■ RECORDED DATA ■
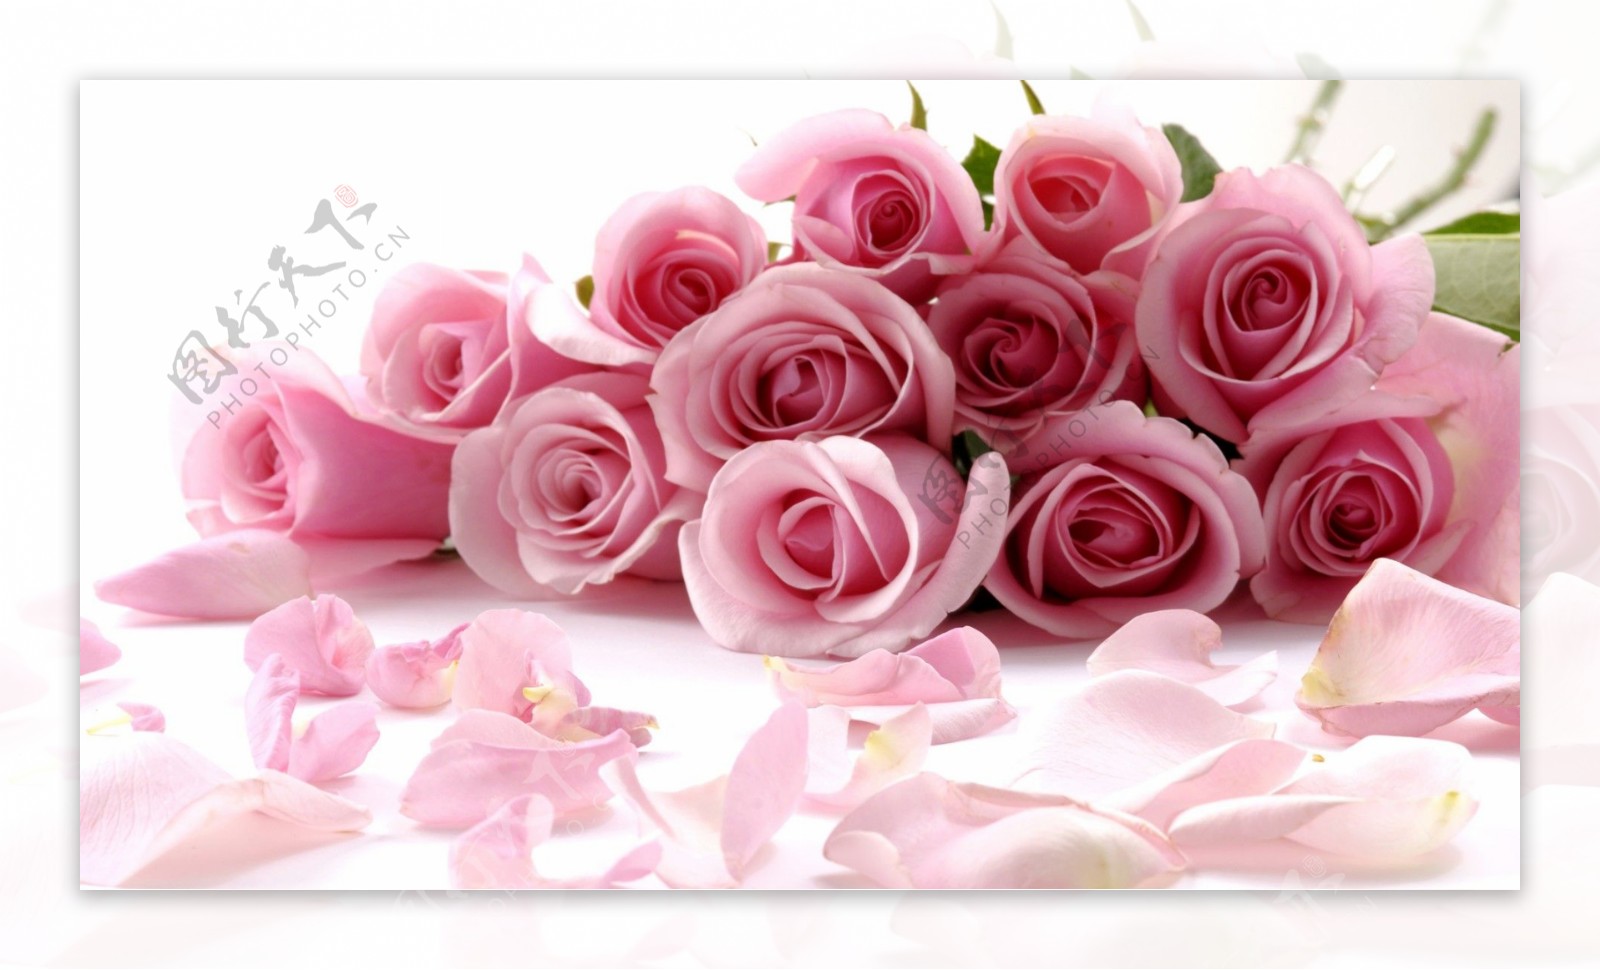 粉红色玫瑰花底纹素材
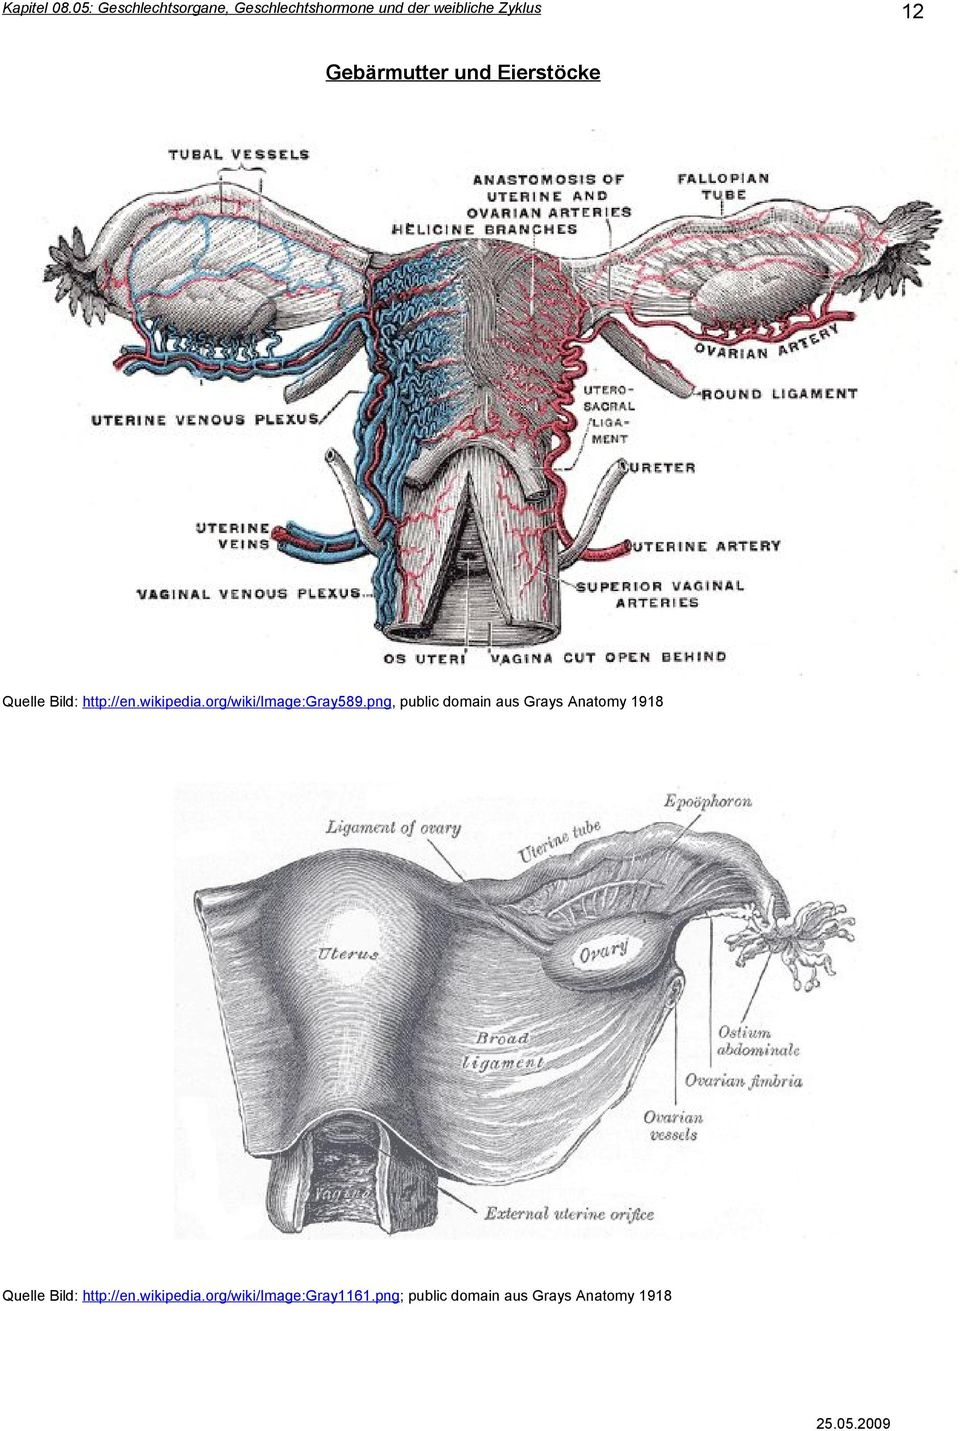 png, public domain aus Grays Anatomy 1918 Quelle Bild:
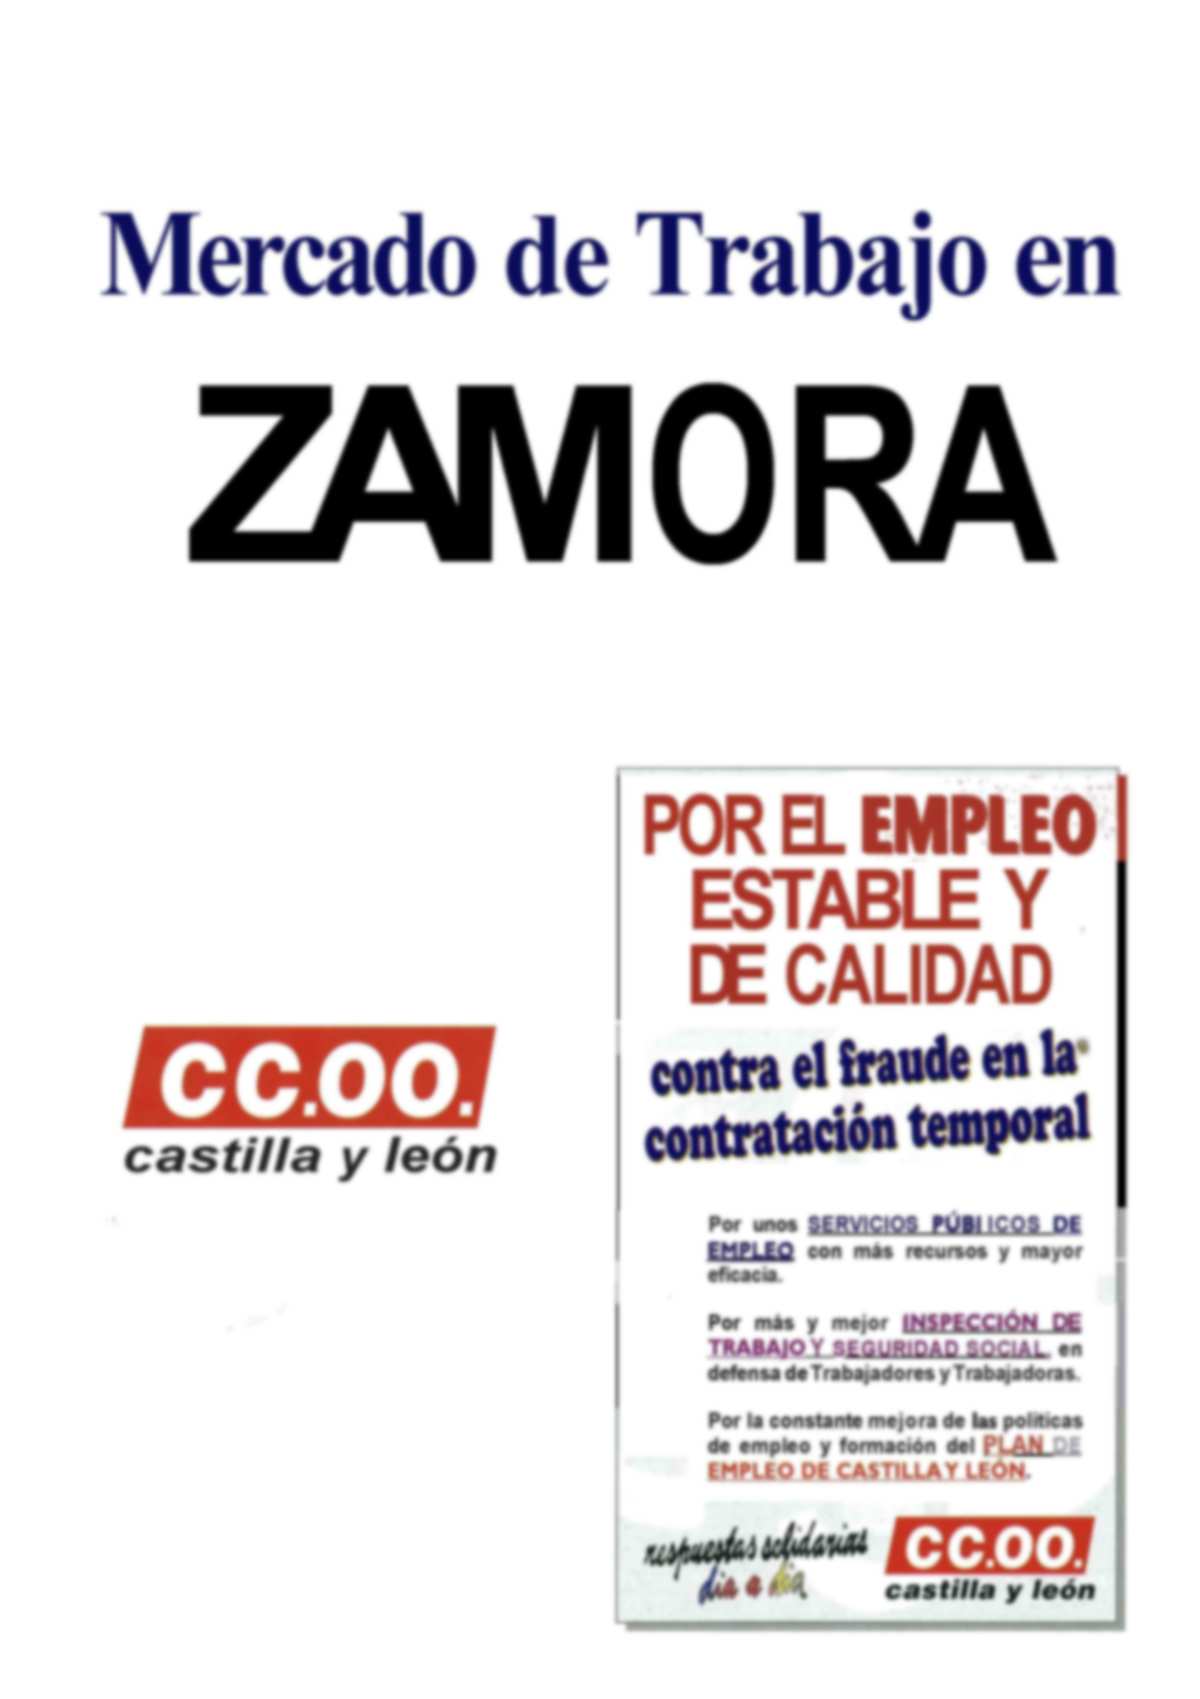 En estos informes de las 9 provincias que componen la Comunidad de Castilla y León, se analizan las principales magnitudes del mercado laboral en la provincias durante el año 2005: Actividad, Ocupació
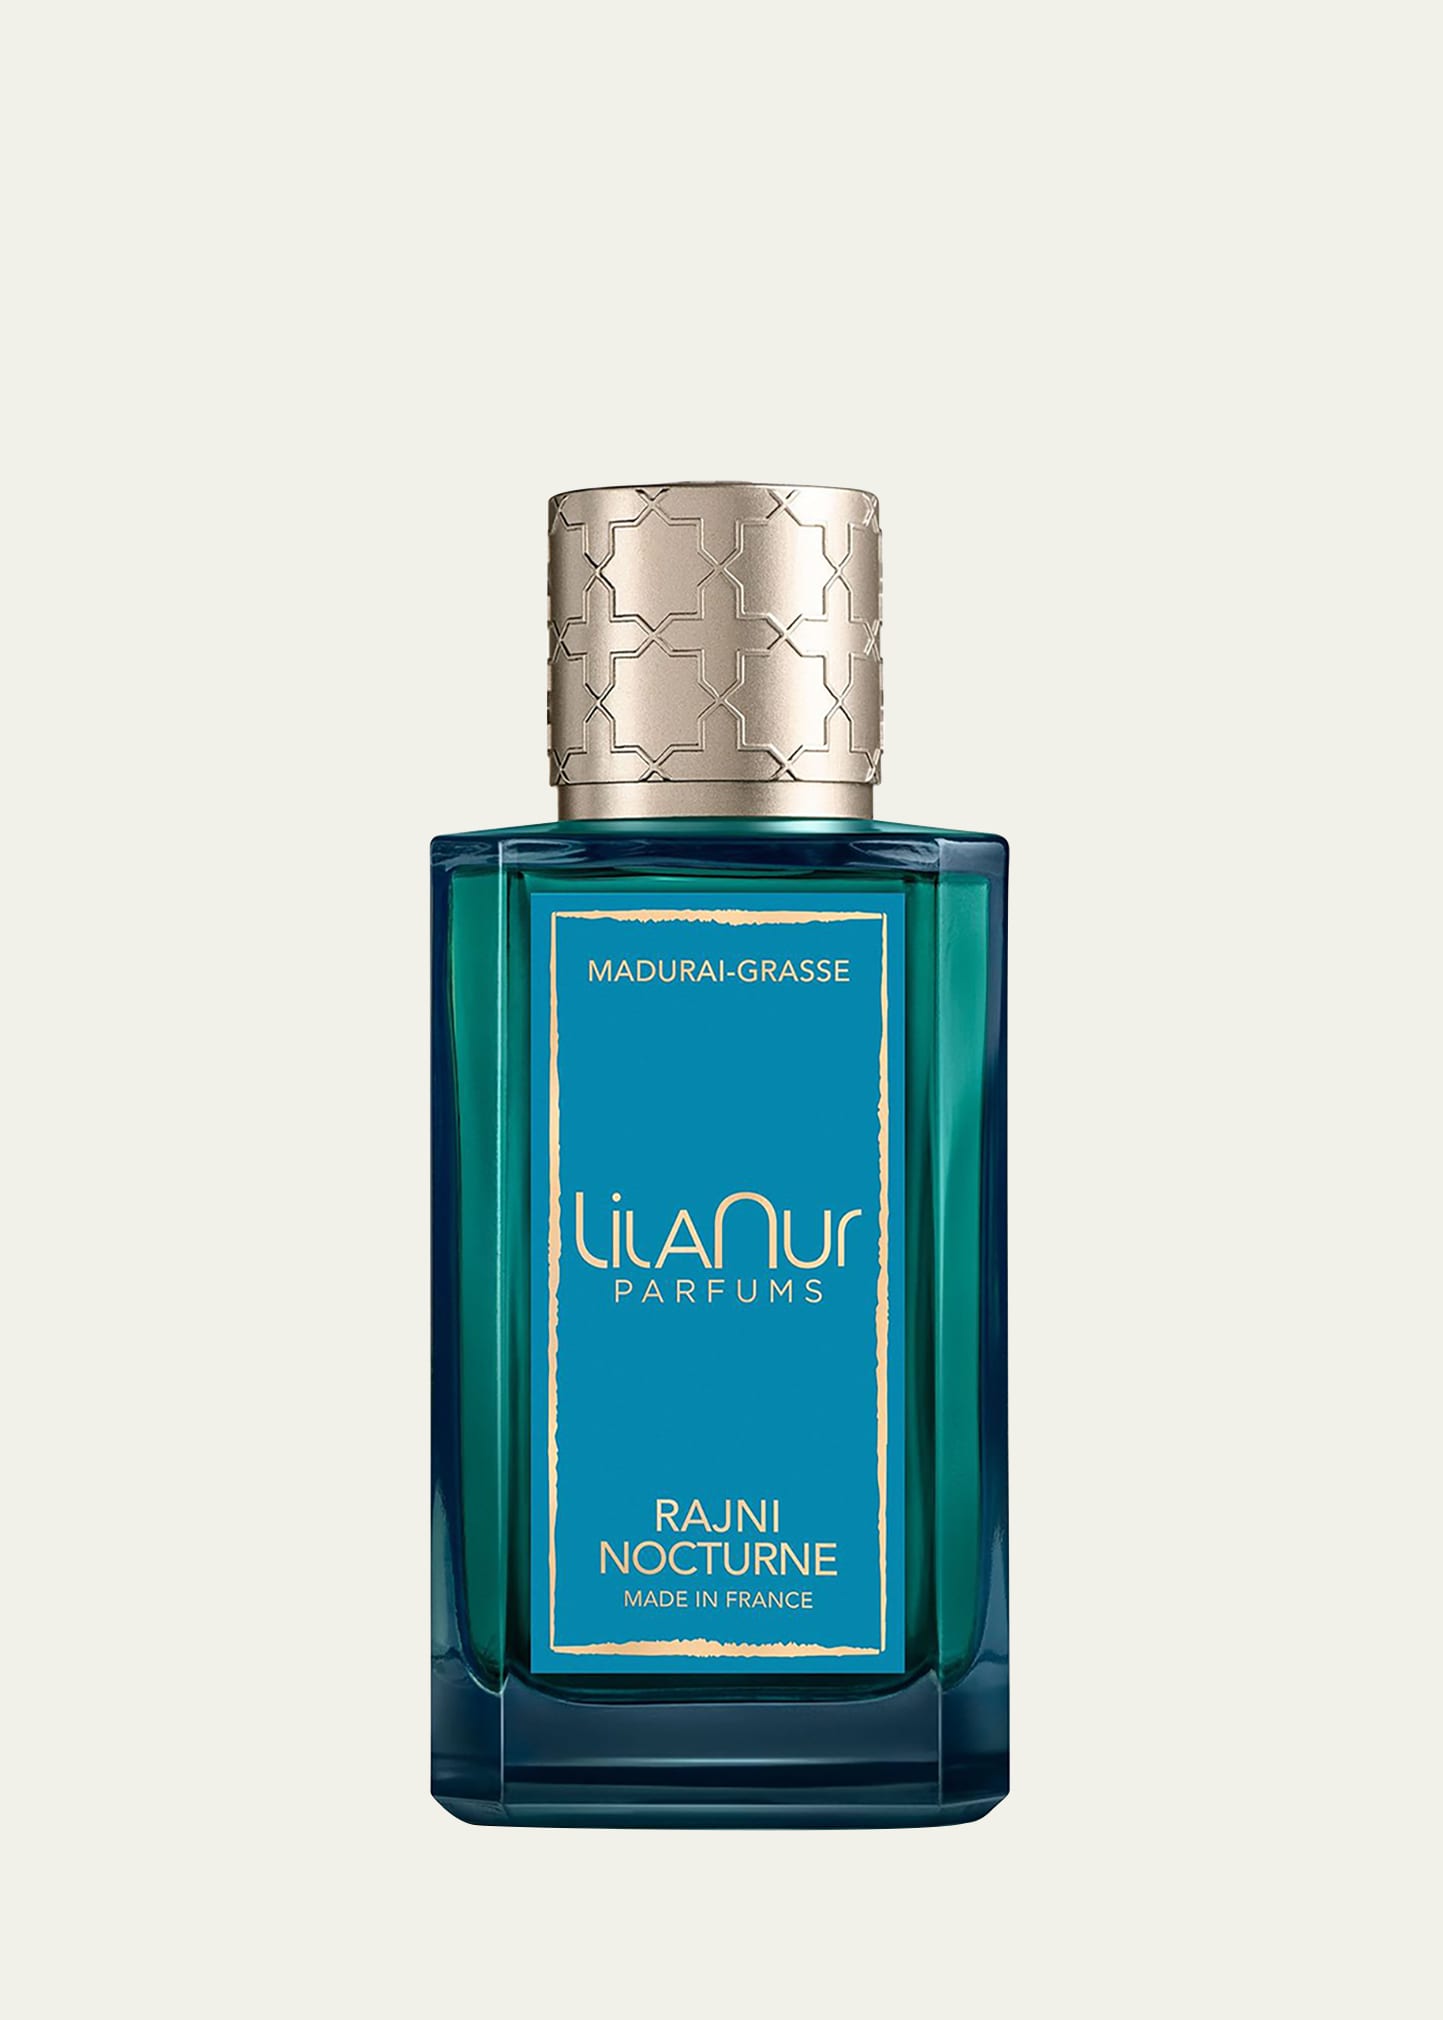 LilaNur Parfums Rajni Nocturne Eau de Parfum, 3.4 oz

■ AIM OF THE EXERCISE ■
The listing is to be repeated exactly, with its pictures removed.

■ ANSWER SECTION ■
 粉红色玫瑰花底纹素材
 png, public domain aus Grays Anatomy 1918 Quelle Bild:
 En estos informes de las 9 provincias que componen la Comunidad de Castilla y León, se analizan las principales magnitudes del mercado laboral en la provincias durante el año 2005: Actividad, Ocupació
 LilaNur Parfums Rajni Nocturne Eau de Parfum, 3.4 oz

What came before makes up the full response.